Monday, November 14, 2011

HOMESCHOOLING, BAD PARENTING & WHY AIRPLANES ARE THE PERFECT LOCATION FOR SQUEEZING ZITS!


I don’t mind flying.  It’s like shopping – a necessary evil.  The best part of both being the overhead fluorescent lights found in airplane toilets and dressing room cubicles - perfect lighting for blackhead squeezing. 
I have passed many a shopping hour digging out those hard-to-see-under-ordinary-household-lighting-chin-heads.  I may not have a dress to wear to the wedding I was meant to be shopping for, but at least I know I’ll be going with clear skin. 
It’s a fabulous by-product of an otherwise expensive and rather boring activity, though you do cop a few stares from irritated passengers when you finally come out of the airplane toilet. 
Obviously, due to your time behind the locked door, they think you’ve been getting rid of some seriously hazardous material and they know they’ve got no choice but to head on in there and suffer the scent. 
But I don’t think anyone actually poos on an airplane on account of the bread rolls they serve.  It is like eating a block of mildly flavoured sandstone, guaranteed to wedge in your colon and halt the passing of any solid waste. 
I think it’s a deliberate ploy on the part of the airlines. 
I don’t care which celebrity chef does your airline’s food, every meal contains the sandstone roll to prevent in-flight toilet blockages, overly long queues and potential diarrhea. 
I have contemplated telling my fellow passengers what I’ve really been up to in there, but somehow I’m not sure they would consider my mini-facial worth the fifteen minutes I made them wait.
This time round however, I arrived in LA with the same clogged skin I had at take-off on account of my child only sleeping 3 out of 14 hours, and spending the other 11 hooning up and down the aisles, finding the long legs of only good-looking, single men to help her stand up when she wanted to.
She took a particular liking to a gent in 47A.
Seriously, it looked like a stitch-up. Like I’d deliberately sent her his way.
Luckily she didn’t stay put long enough for me to have to engage in embarrassing small talk. Although I must say, my girl has excellent taste.
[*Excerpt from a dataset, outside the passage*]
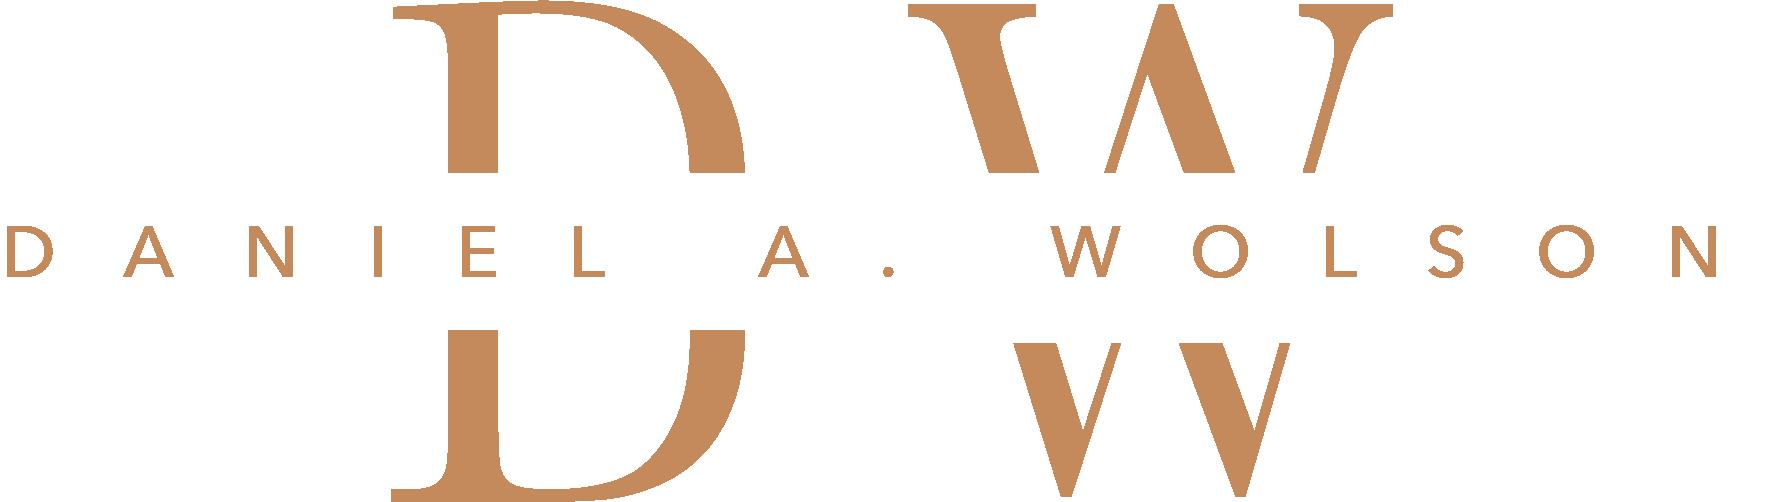 Daniel A. Wolson Logo

What’s that phrase? An old bird like me can look at the menu, I just can’t order.

And so we landed in LA, my skin none the better for it, and the first leg of our journey to the Big Apple over.
It had been our thinking to give Q a chance to stretch her legs by breaking the trip in LA, but since she stretched them the whole way there, she was then ready for a little shut eye, and literally fell face forward into my lap on the cab ride to the hotel, where we were shortly meeting friends, thereby making it impossible for me to nap and leading to a 36 hour stretch of wakedness which seriously blew.

Wakedness is not a word as far as I can tell. Which should indicate to you just how tired I really was. Am.

There is a reason the Army uses sleep deprivation as a means of torture and punishment.

Two days later we boarded an American Airlines flight bound for my favourite town, NYC.

Typically, I am not a fan of AA, but I was a fan this time because I had used my points through Qantas to gain free flights and free makes me a fan of anything.

But it wasn’t just that. Someone in the marketing team, or perhaps is was customer relations, maybe HR, I don’t know, but someone had alerted the flight attendants to the notion that it is in fact their job to serve people, that a pleasant attitude is pretty much mandatory and that ironing your uniform has the dual purpose of making it look like you care a bit even if you don’t, and reassuring a nervous flyer that there is some sort of attention to detail within a company responsible for flying you through the air from one location to another.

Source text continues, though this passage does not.